Seriously? We are arguing about sharing bathrooms again? Didn’t we get that out of our collective political systems in the five years it took to kill the Equal Rights Amendment?
On March 22, 1972, Congress sent the simply worded, proposed 27th amendment to the states for approval. Congress gave the states seven years to ratify the amendment and required 38 states to say yes. It failed, falling three short and when in 1977, Indiana became the 35th and last state to ratify the Equal Rights Amendment.
And what riled the opposition most? Why, bathrooms. Ratify the ERA, went the argument, and we’ll all be sharing bathrooms because we’ll have to eliminate gender-based, separate bathrooms and one can just imagine how distressing it would be to find a girl in the next stall. Why, poor thing, she’d be traumatized. Never mind that bathrooms on airplanes, buses, trains and in countless restaurants, gas stations and retail businesses were already “one size fits all.”
Opponents wielded the shared bathroom argument effectively and killed the Equal Rights Amendment.
I lived through that hyperventilating mess and didn’t understand it then. Though, to be fair, I prefer separate bathrooms because I don’t trust boys and men to put down the toilet seats in a public restroom anymore than they’ll do it at home.
Now here we are almost 40 years later and we’re back to bathrooms. This time it’s North Carolina and Mississippi requiring us to use the bathroom God designated for us when he handed out the parts. If your birth certificate says “girl,” you’d best be looking for the sign with the anthropomorphic skirt. I don’t know about you, but I’m not going to start carrying around a copy of my birth certificate and I sure as heck will waltz into the men’s room when the line for the women’s room stretches around the block.
Stop. Deep breath. I was about half way through the looking glass, getting sucked into the bathroom argument. It’s not the scary part No, the really frightening sections of those laws allow the states to overturn local anti-discrimination laws. Charlotte’s anti-discrimination laws, which extended sexual orientation protection, have been superseded by North Carolina’s HB2.

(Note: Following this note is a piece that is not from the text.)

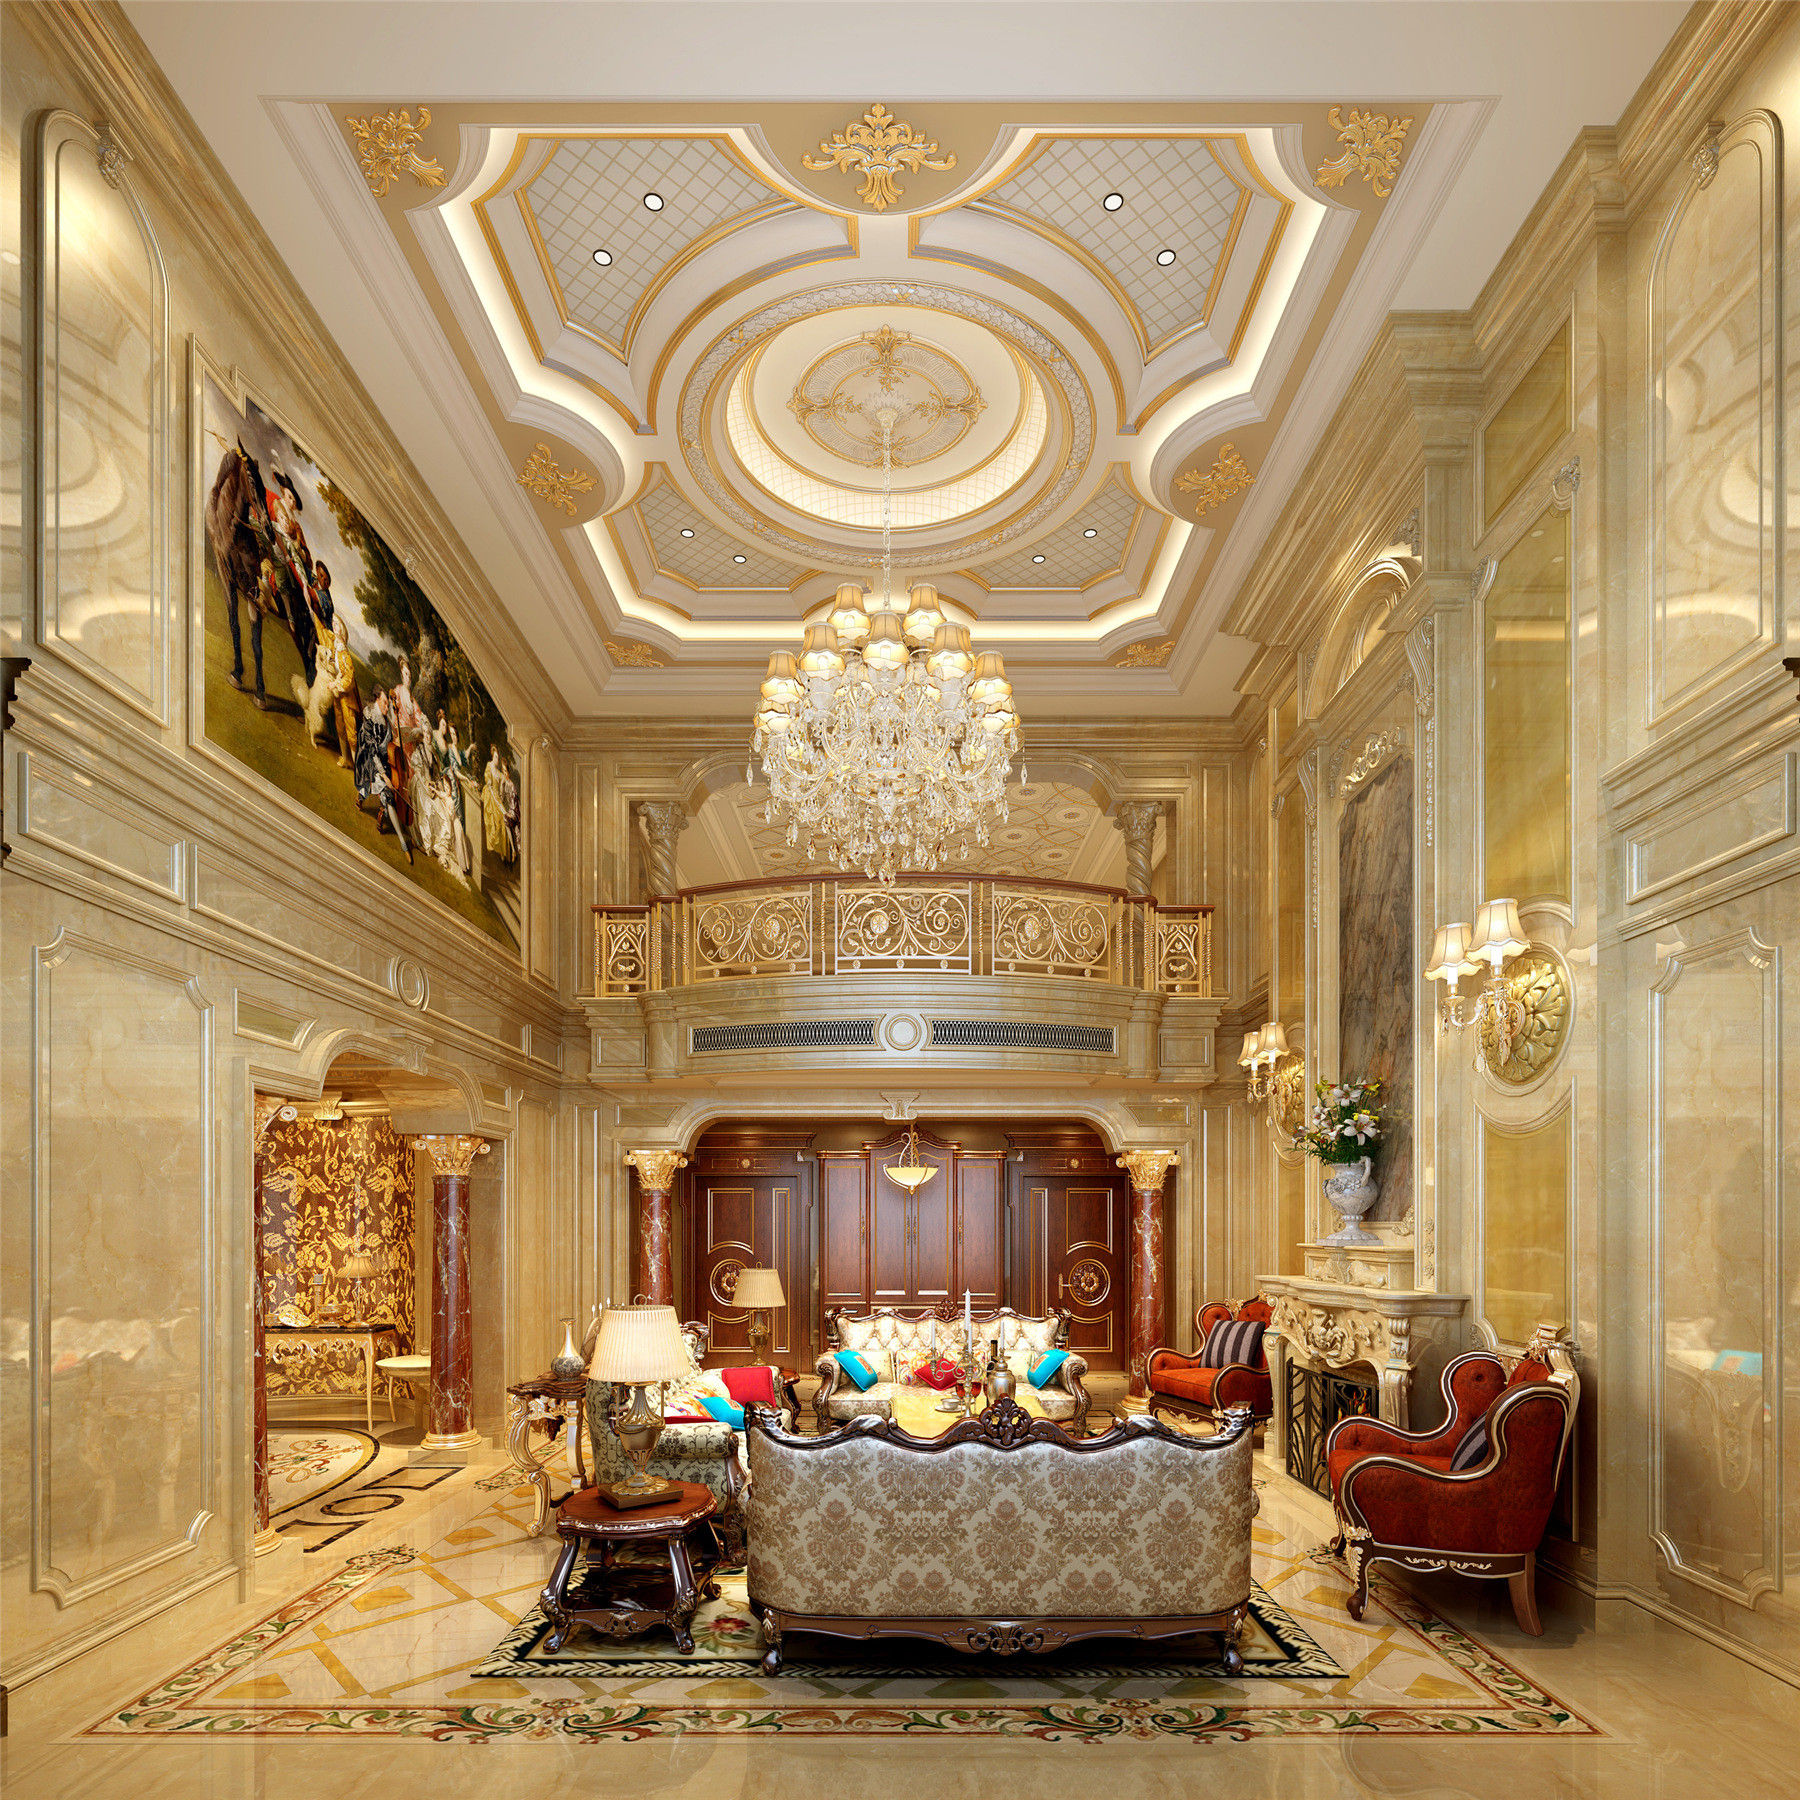 世界顶级豪华别墅客厅图片

“North Carolina’s new law,” writes the Charlotte Observer, “sets a statewide definition of classes of people who are protected against discrimination: race, religion, color, national origin, age, handicap or biological sex as designated on a person’s birth certificate. Sexual orientation – people who are gay – was never explicitly protected under state law and is not now, despite recent court decisions that legalized same-sex marriage. … The law limits how people pursue claims of discrimination because of race, religion, color, national origin, biological sex or handicap in state courts. The law also means a city or county cannot set a minimum wage standard for private employers.”
Despite Gov. Pat McCrory’s executive order on Tuesday trying to smooth things over, very little will change in North Carolina.
So why should Floridians care? Because the Sunshine State’s current governor and legislature are infatuated with taking legislative power away from cities, town and counties. We are one bad idea away from Florida legislation that would overturn local governments’ abilities to set their own anti-discrimination laws.
Florida outlaws employment discrimination based on these criteria:
- National origin;
- Disability or handicap;
- Marital status (single, married, divorced, widowed, etc.);
- AIDS/HIV; or
- Sickle cell trait.
Florida does not have laws against discrimination for sexual orientation or gender assignment, so more than half of the state’s local municipalities have adopted their own policies. Key West and Monroe County are two of them. Equality Florida continues to push for statewide legislation, while using the local legislation option until discrimination against LGBT people is illegal at the state level.